Compute the square norm $\|\cdot\|_2$ of the following block matrix \begin{bmatrix} O & I_n & \dots & O \\ I_n & O & \ddots & O \\ \vdots & \ddots & \ddots & I_n \\ O & O & I_n & O \end{bmatrix} where $I_n$ is the identity matrix of order $n$.
I have no idea to find norm of the above block matrix. Can anyone give me a hint? Thank you in advance !
$\newcommand{\norm}[1]{\left\|{#1}\right\|}$ First of all you have to know or demonstrate that
$$\norm{S \otimes T} \leq \norm{S}\norm{T}$$
Then notice that the matrix $M$ you address is
$$M=J \otimes I$$ where $I$ is the identity matrix and $J$ the generalization of this matrix $$J = \left[\begin{array}{cccc} 0 & 1 & 0 & 0\\ 1 & 0 & 1 & 0\\ 0 & 1 & 0 & 1\\ 0 & 0 & 1 & 0\\ \end{array}\right ]$$ then you have
$$\norm{J \otimes I} \leq \norm{J}\norm{I}$$ i.e. $$\norm{J \otimes I} \leq \norm{J}$$
Now you have to find the norm of J. There could be an easier way, but I'm not seeing other thing that diagonalize the matrix which is symmetric.

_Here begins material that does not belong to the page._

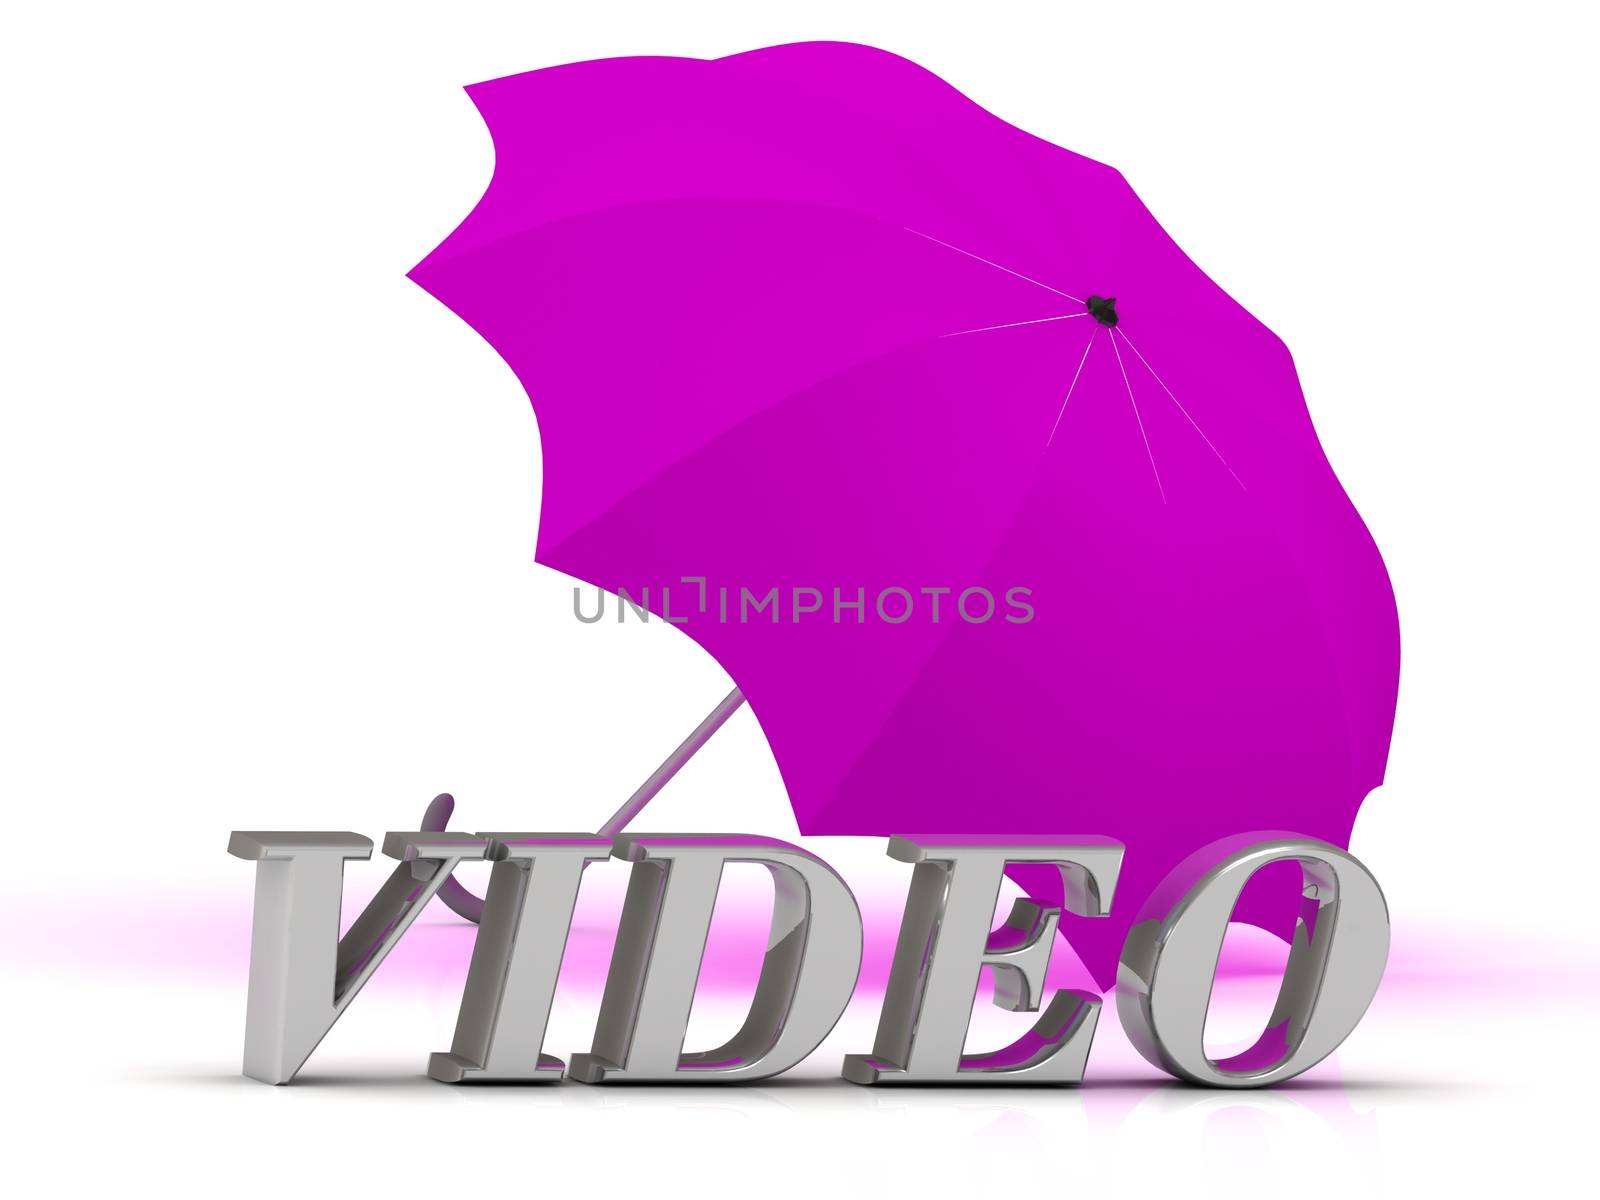 VIDEO- inscription of silver letters and umbrella on white background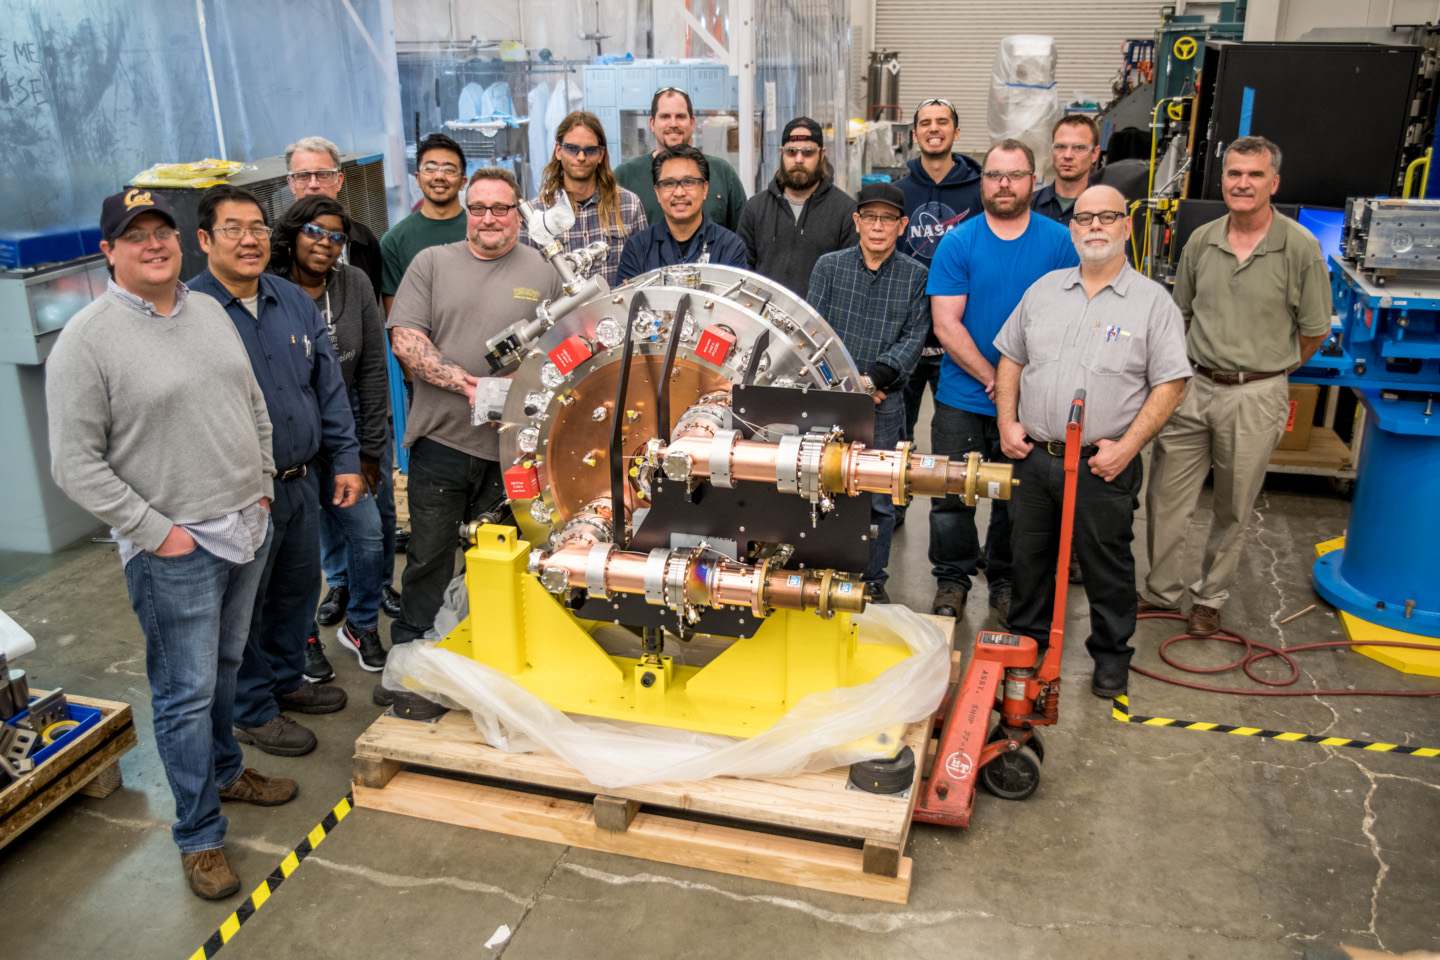 Group photo with the LCLS-II injector that is prepared for shipment to SLAC.

I would consider the characteristic polynomial. Considering the resolvant matrix: $$J- \lambda I = \left[\begin{array}{cccc} \lambda & 1 & 0 & 0\\ 1 & \lambda & 1 & 0\\ 0 & 1 & \lambda & 1\\ 0 & 0 & 1 & \lambda\\ \end{array}\right ]$$
which is ruled by the following succession (cfr. https://en.wikipedia.org/wiki/Tridiagonal_matrix): $$ p_0(\lambda)=1 $$ $$ p_1(\lambda)=\lambda $$ $$ p_n(\lambda)=\lambda p_{n-1}-p_{n-2} $$
So for every $n$ you can find the eigenvalues you need to diagonalize and then get the max which is your norm. Being more specific as user1551 pointed out this is a special kind of tridiagonal Toeplitz Matrix and the eigen values are given by $$ \lambda_k=2 \cos(k \pi)/ (n+1) $$ with $k=1..n$ so I guess you also have an explicit formula for your norm.